**Exercise directions:** Transcription task. Write out each entry verbatim and exclude any image.

**Data to examine:**
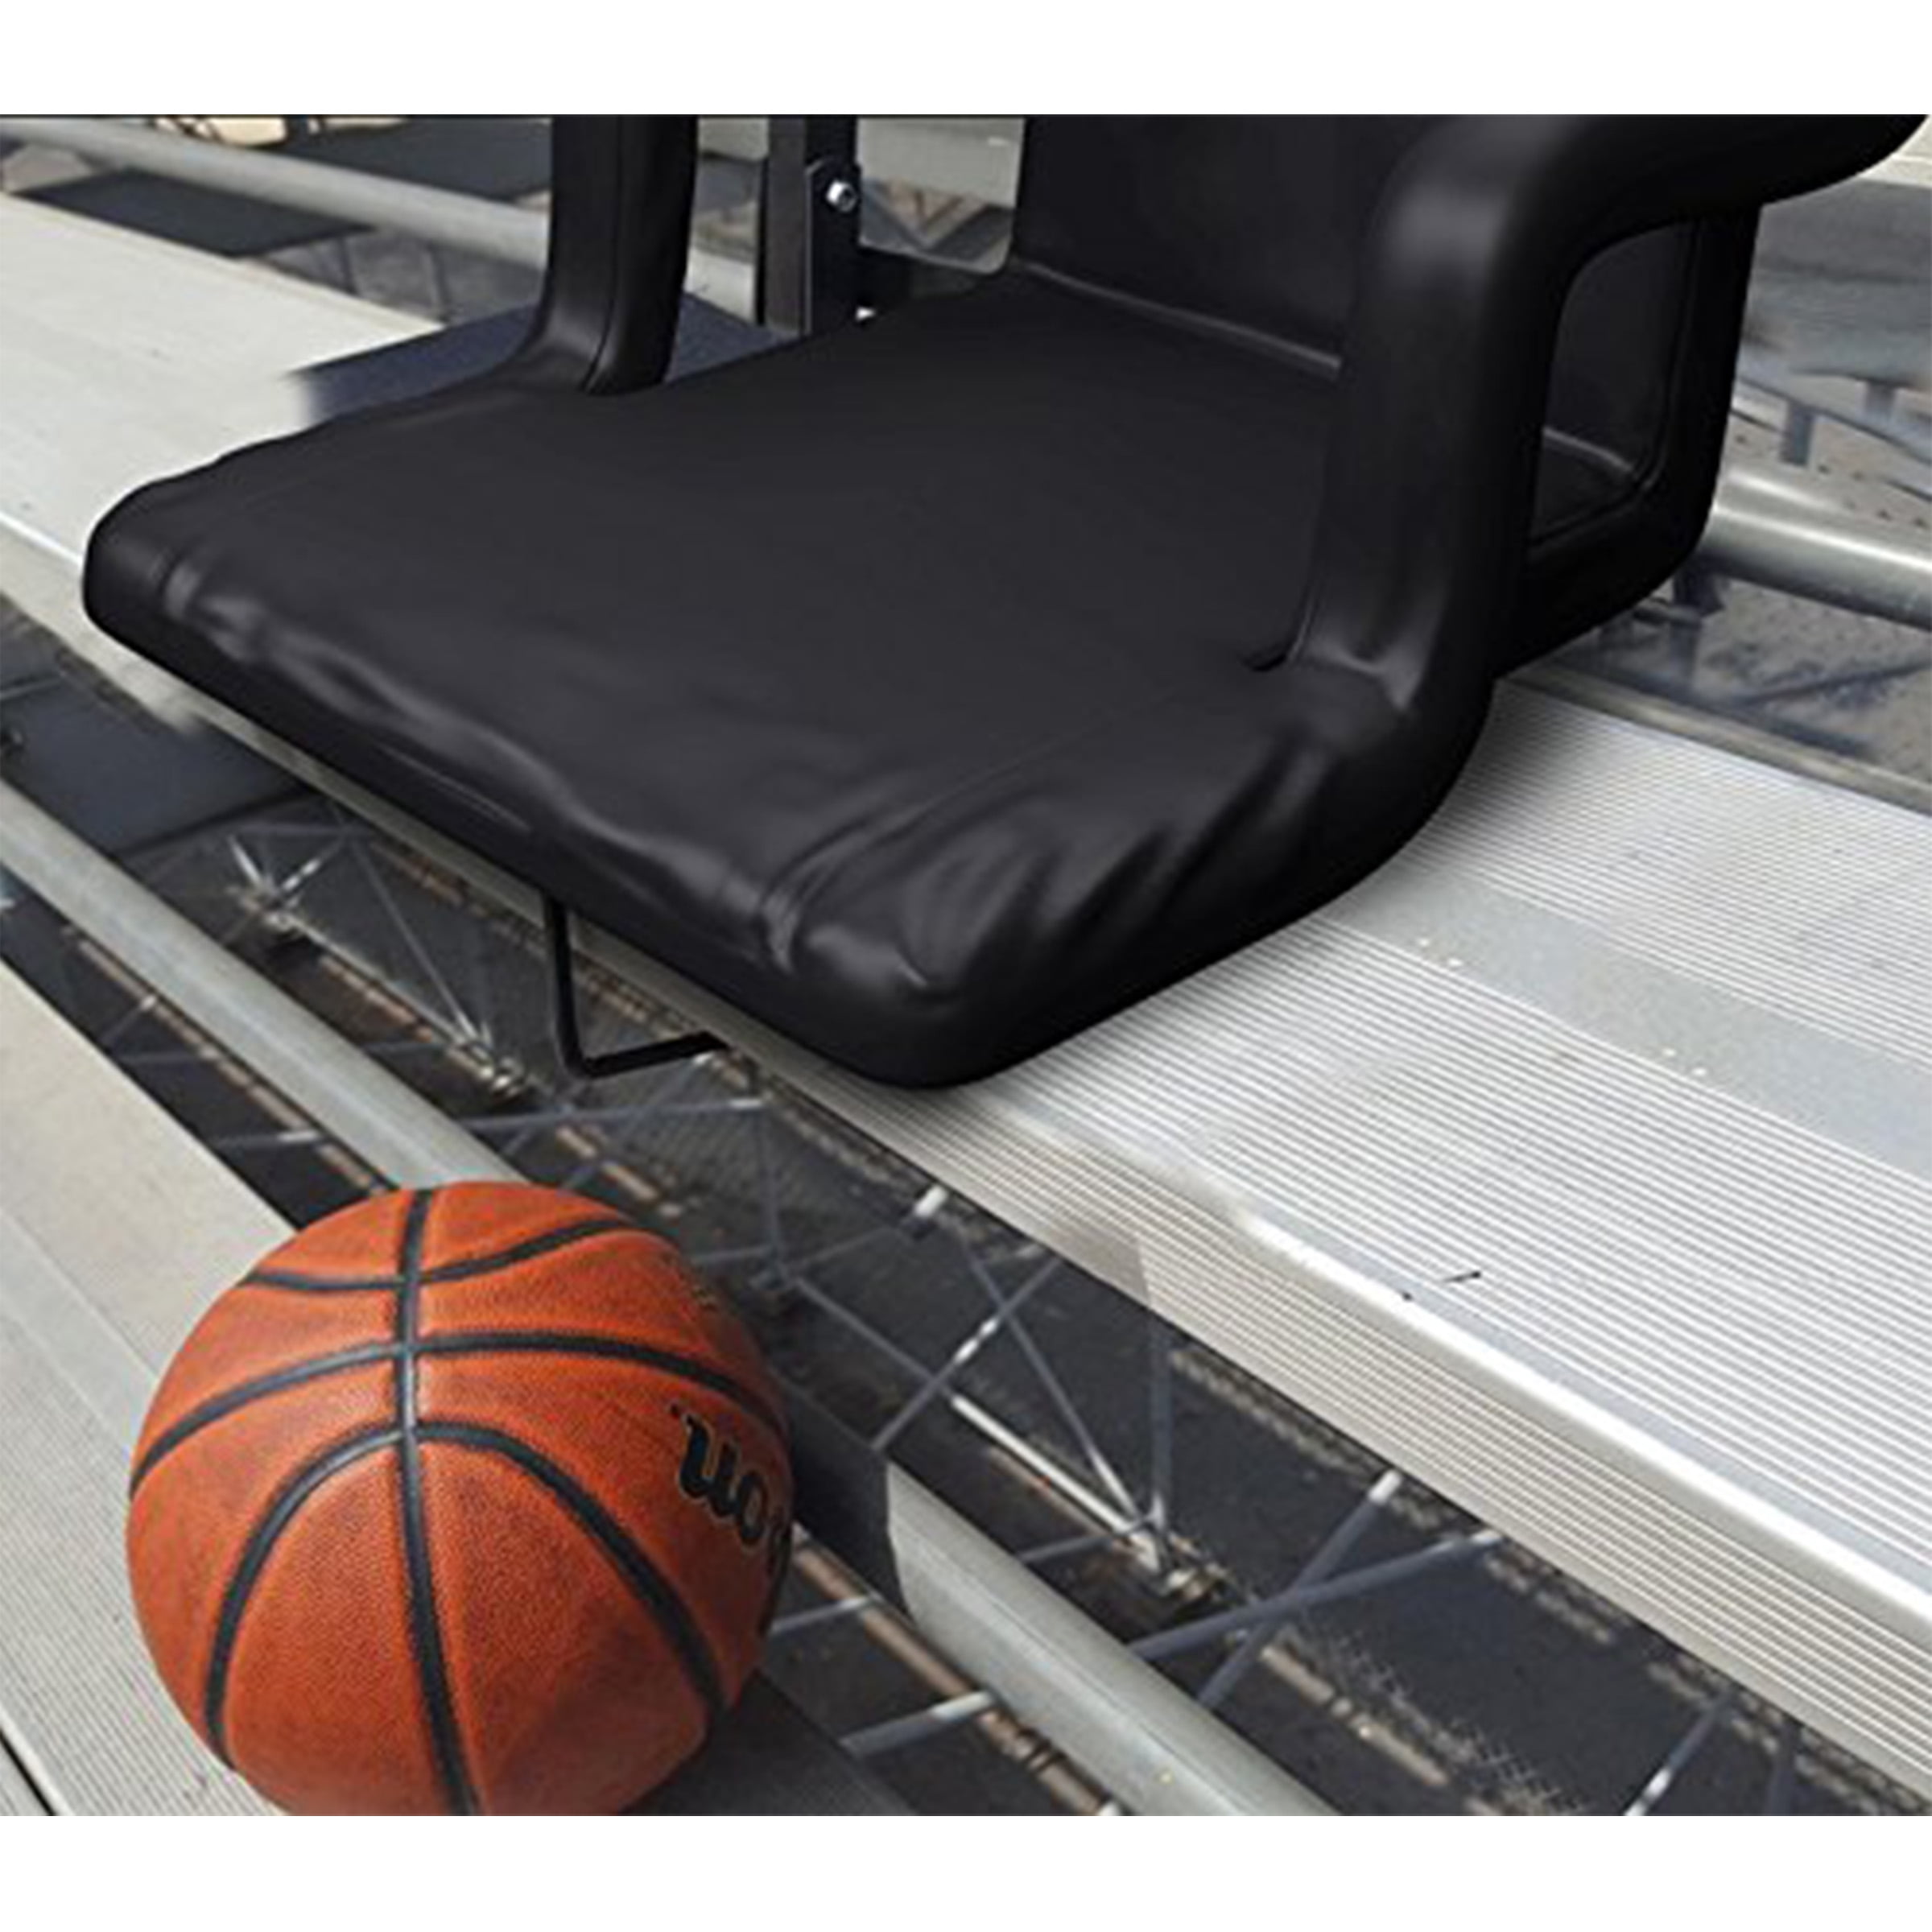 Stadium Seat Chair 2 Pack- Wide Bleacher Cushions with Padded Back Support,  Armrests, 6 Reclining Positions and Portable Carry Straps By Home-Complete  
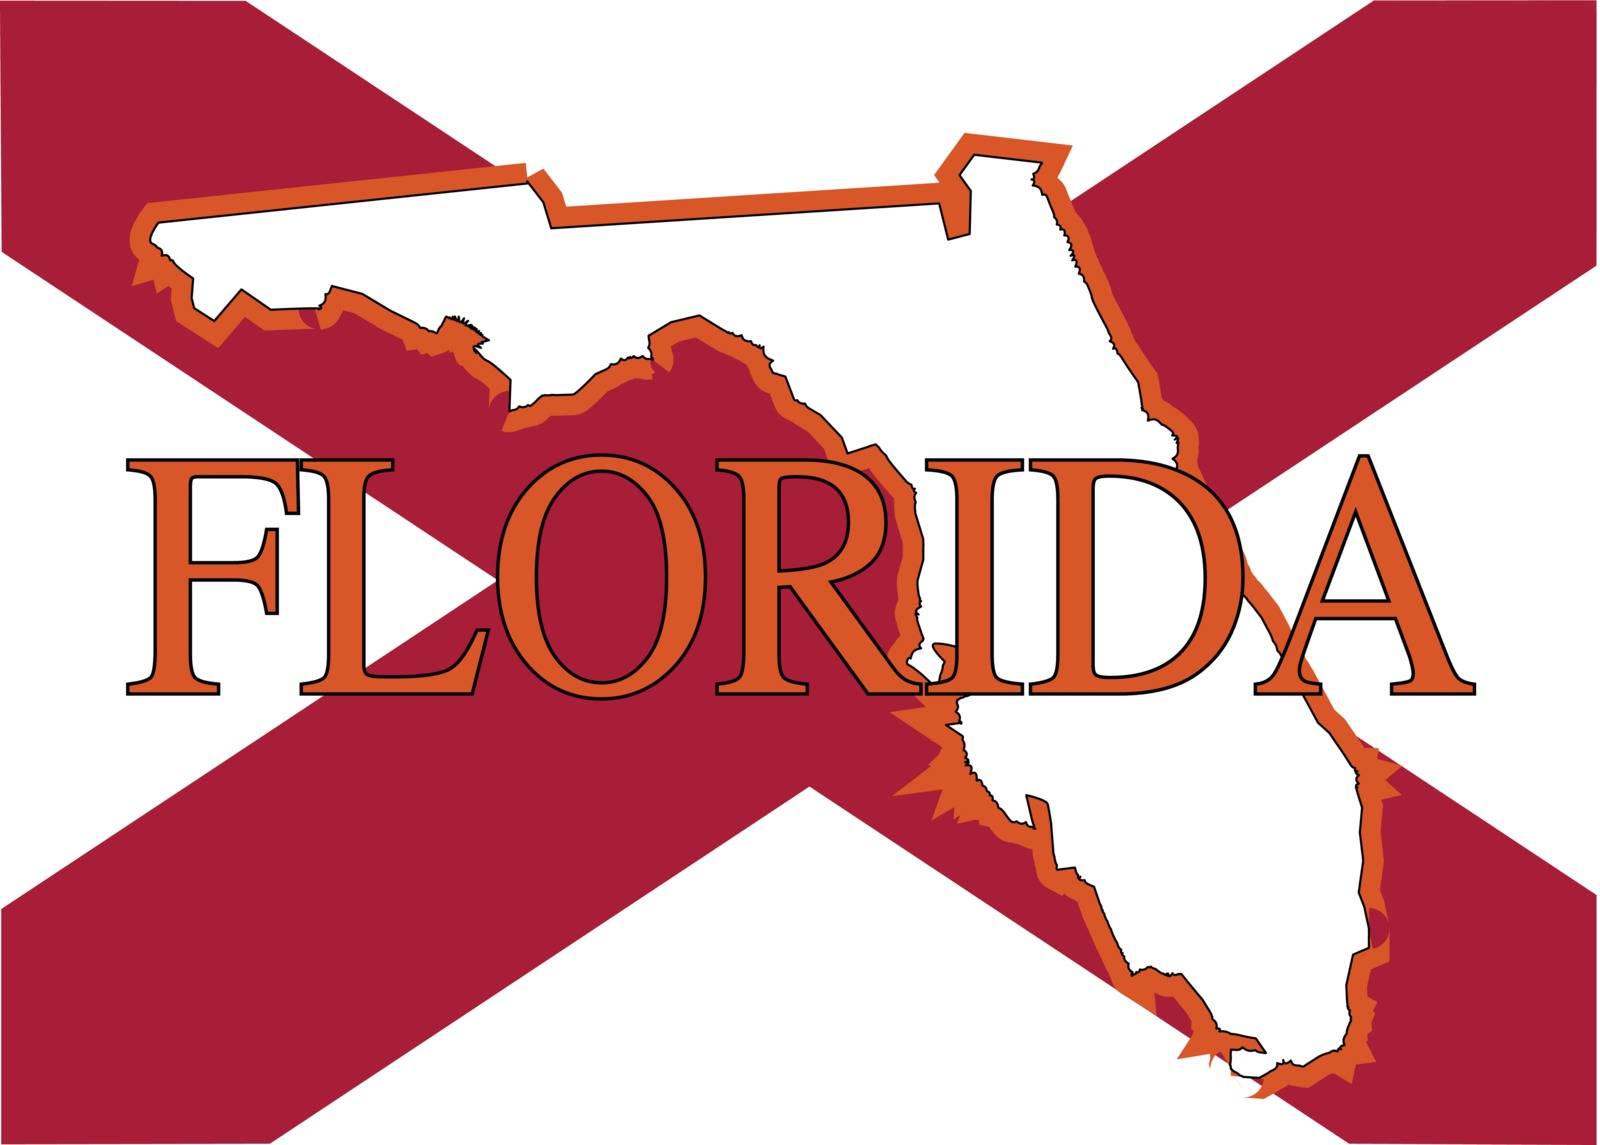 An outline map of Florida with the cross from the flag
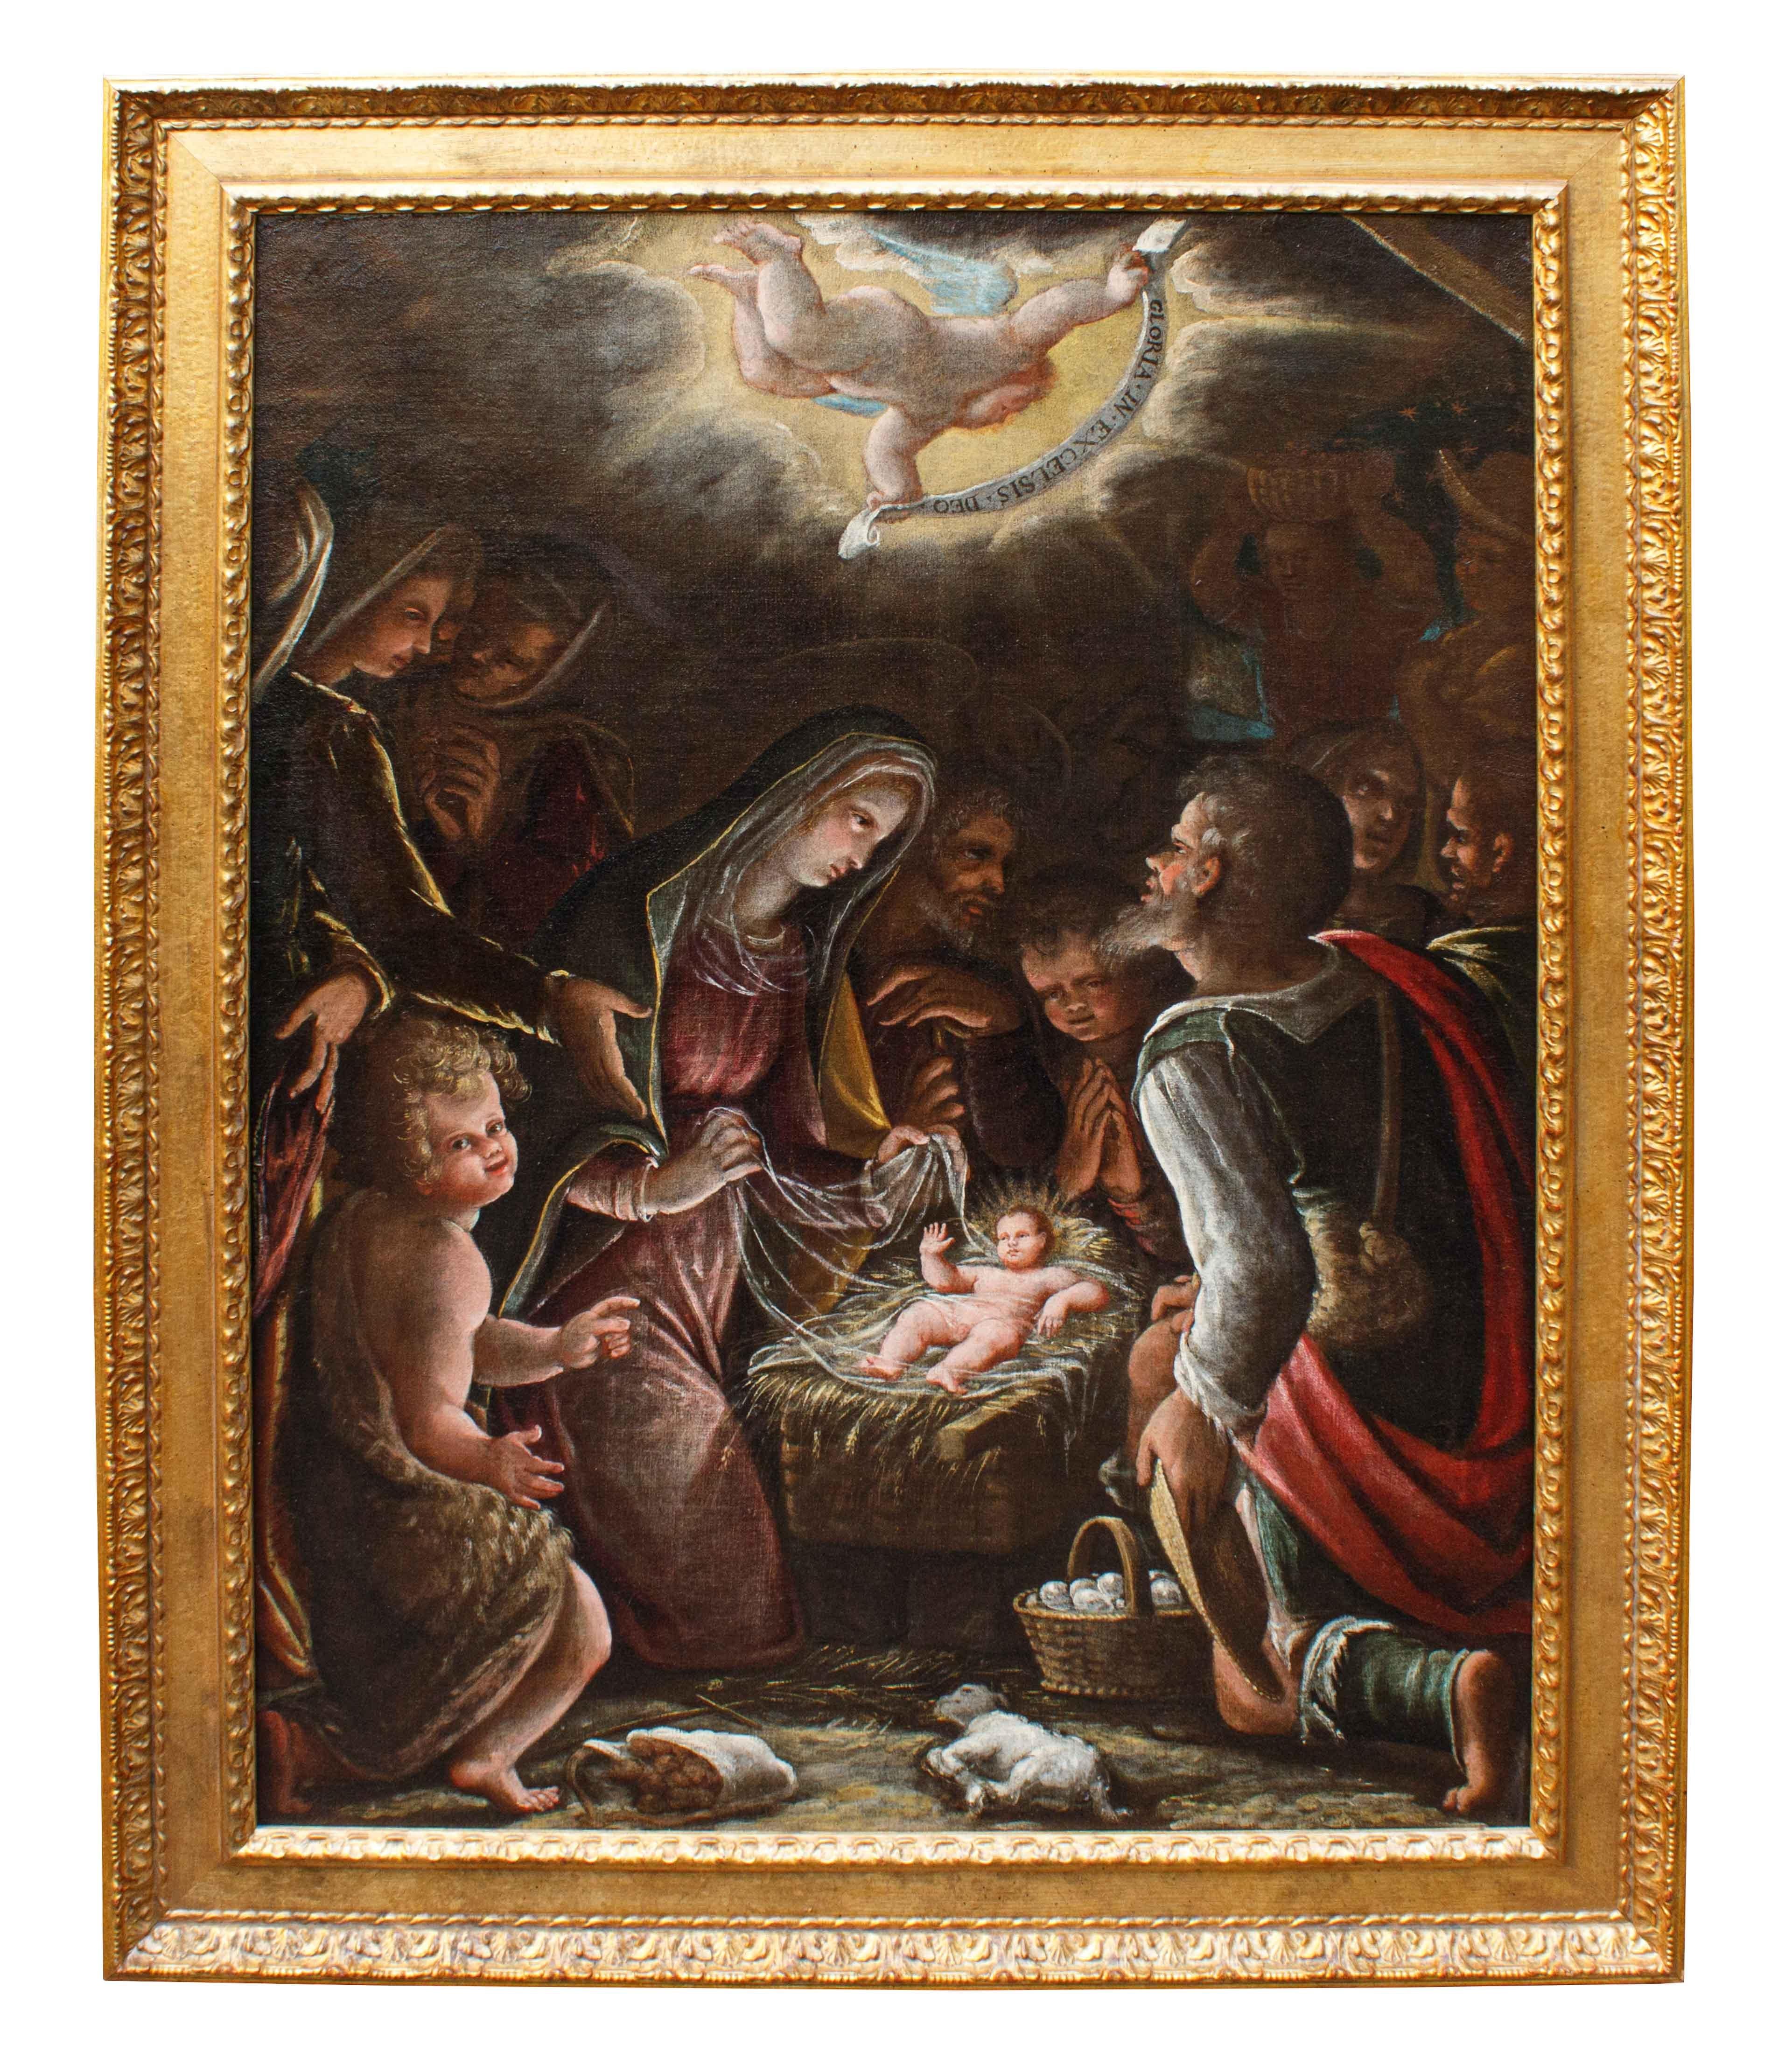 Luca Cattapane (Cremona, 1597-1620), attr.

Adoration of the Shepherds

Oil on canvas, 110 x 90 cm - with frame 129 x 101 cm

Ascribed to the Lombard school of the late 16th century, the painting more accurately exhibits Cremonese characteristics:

**Output of the exercise:**
 Stadium Seat Chair 2 Pack- Wide Bleacher Cushions with Padded Back Support,  Armrests, 6 Reclining Positions and Portable Carry Straps By Home-Complete  
 An outline map of Florida with the cross from the flag
 Luca Cattapane (Cremona, 1597-1620), attr.

Adoration of the Shepherds

Oil on canvas, 110 x 90 cm - with frame 129 x 101 cm

Ascribed to the Lombard school of the late 16th century, the painting more accurately exhibits Cremonese characteristics:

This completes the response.